■ **Source data**
*-*-*
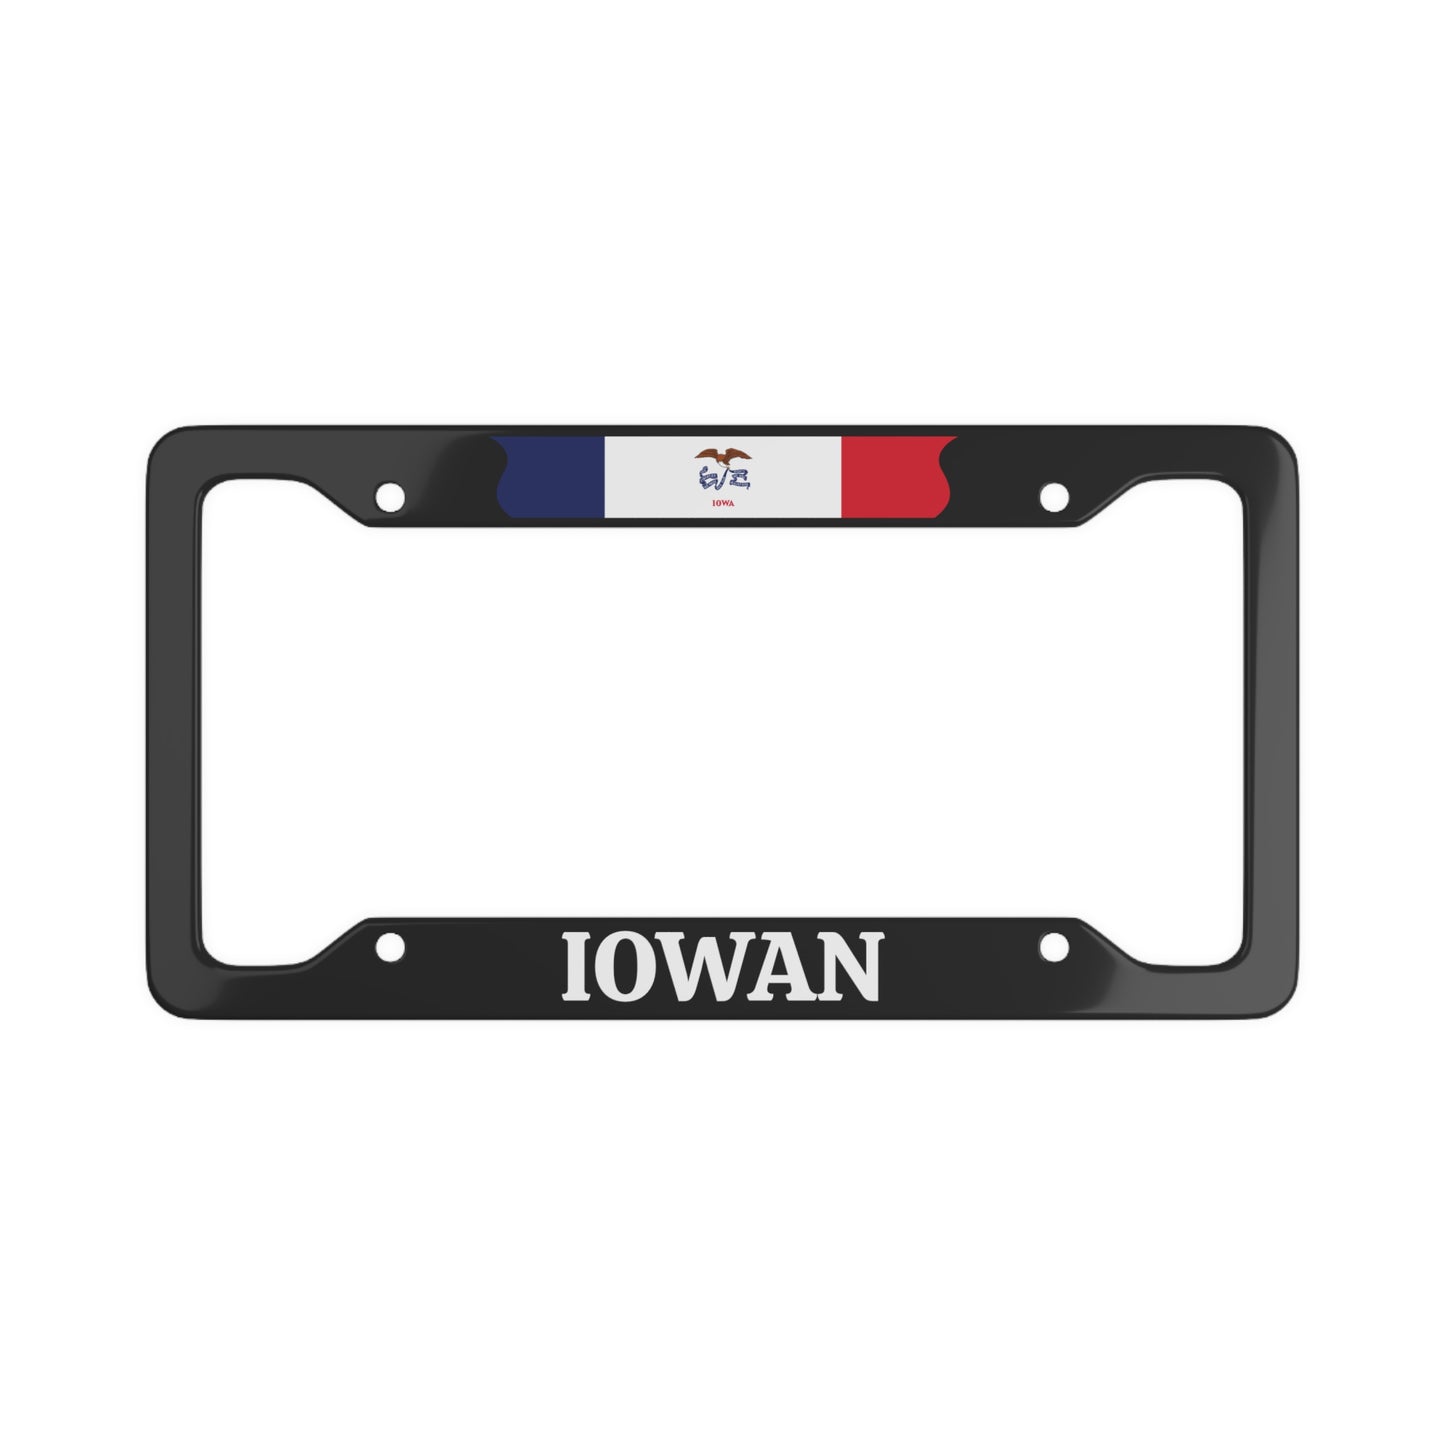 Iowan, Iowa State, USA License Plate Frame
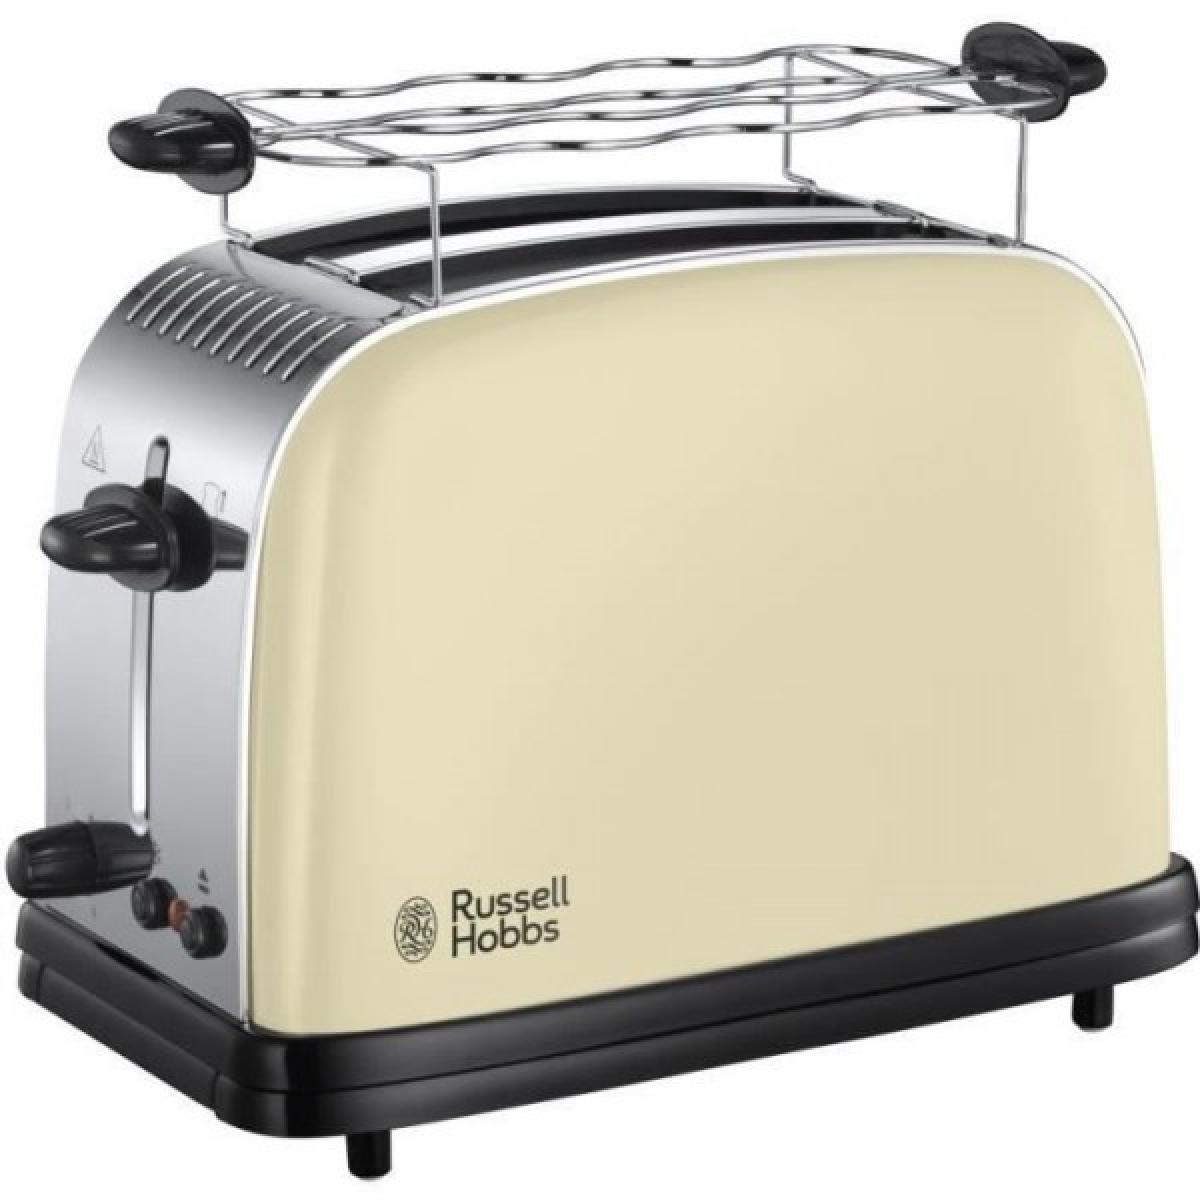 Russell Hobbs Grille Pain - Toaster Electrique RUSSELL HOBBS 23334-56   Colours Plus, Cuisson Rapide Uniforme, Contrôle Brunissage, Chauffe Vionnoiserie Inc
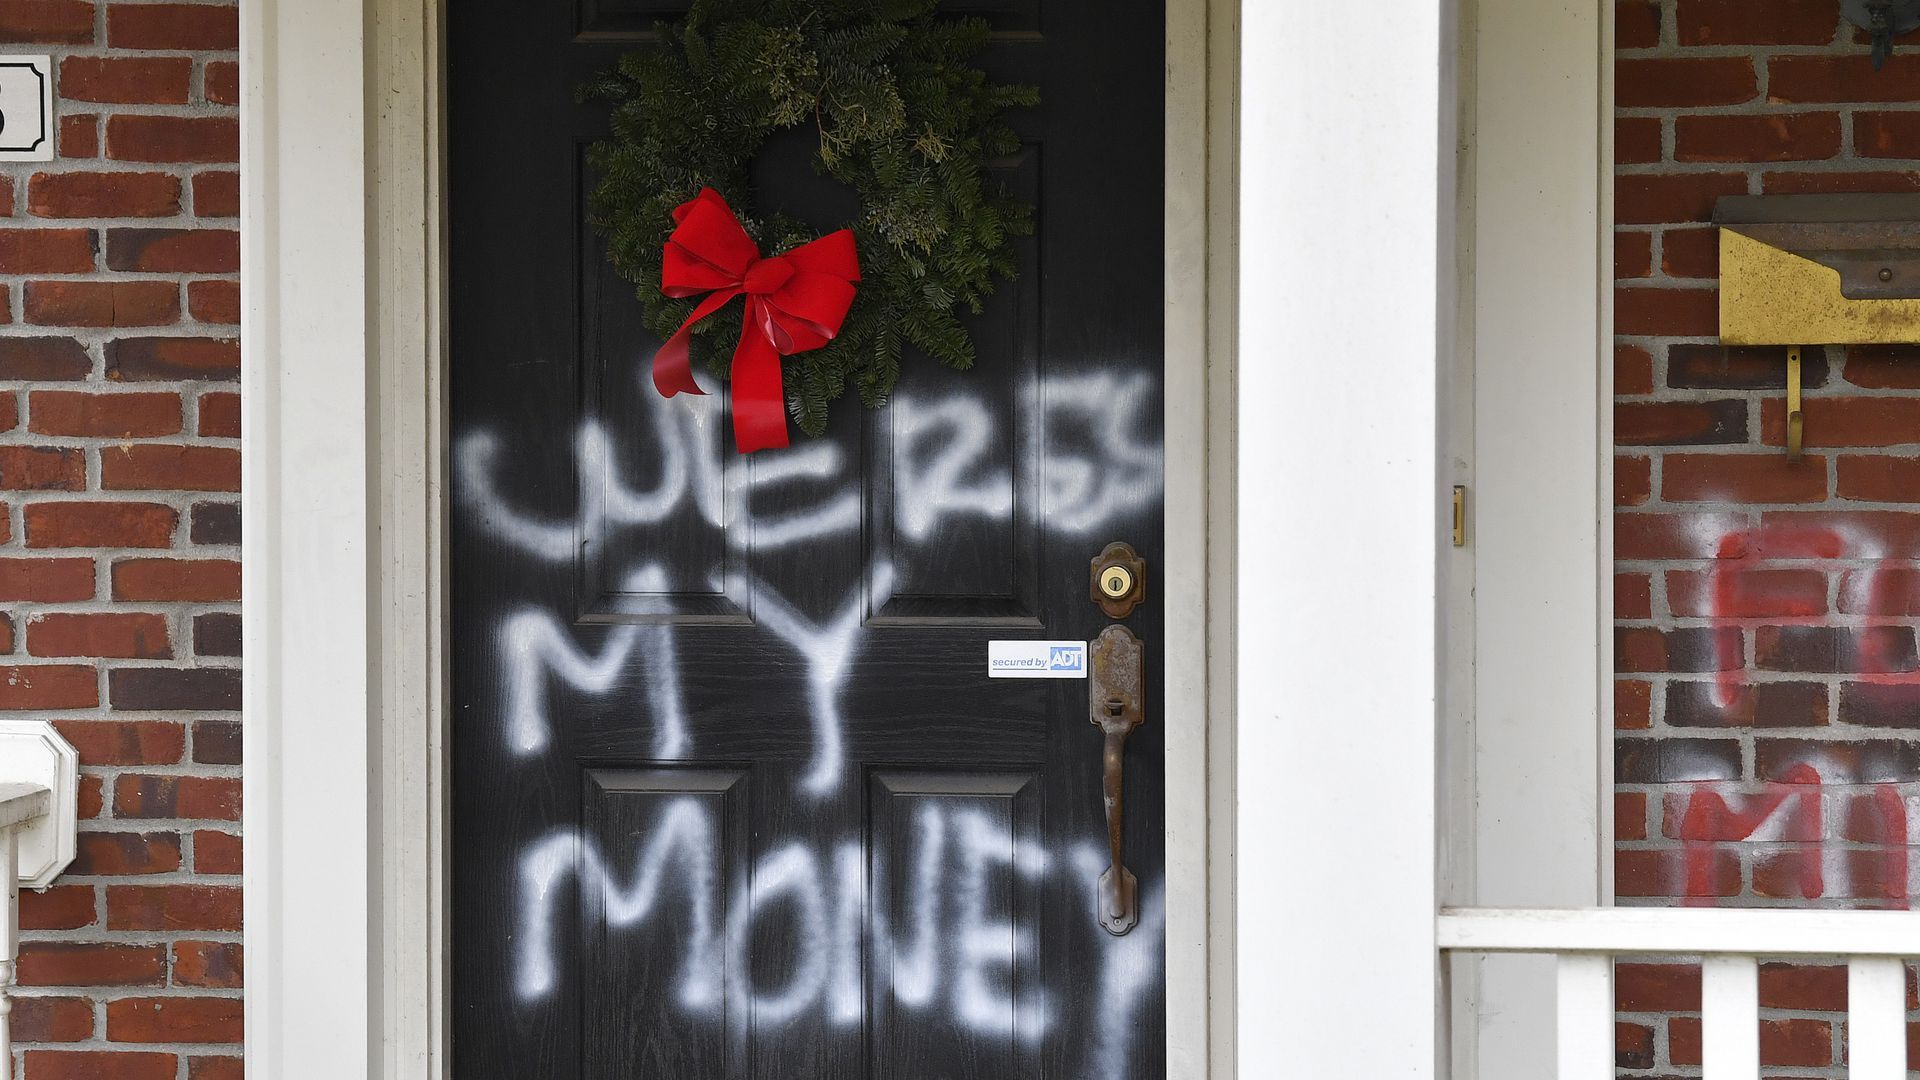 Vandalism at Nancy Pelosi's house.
*-*-*
■ **What you are asked to do**
Reproduce exactly the lines from the one with "Russell Hobbs Grille" to the bottom of the listing, both ends included, and nothing else. Skip the pictures.

■ **Answer box**
 Russell Hobbs Grille Pain - Toaster Electrique RUSSELL HOBBS 23334-56   Colours Plus, Cuisson Rapide Uniforme, Contrôle Brunissage, Chauffe Vionnoiserie Inc
 Vandalism at Nancy Pelosi's house.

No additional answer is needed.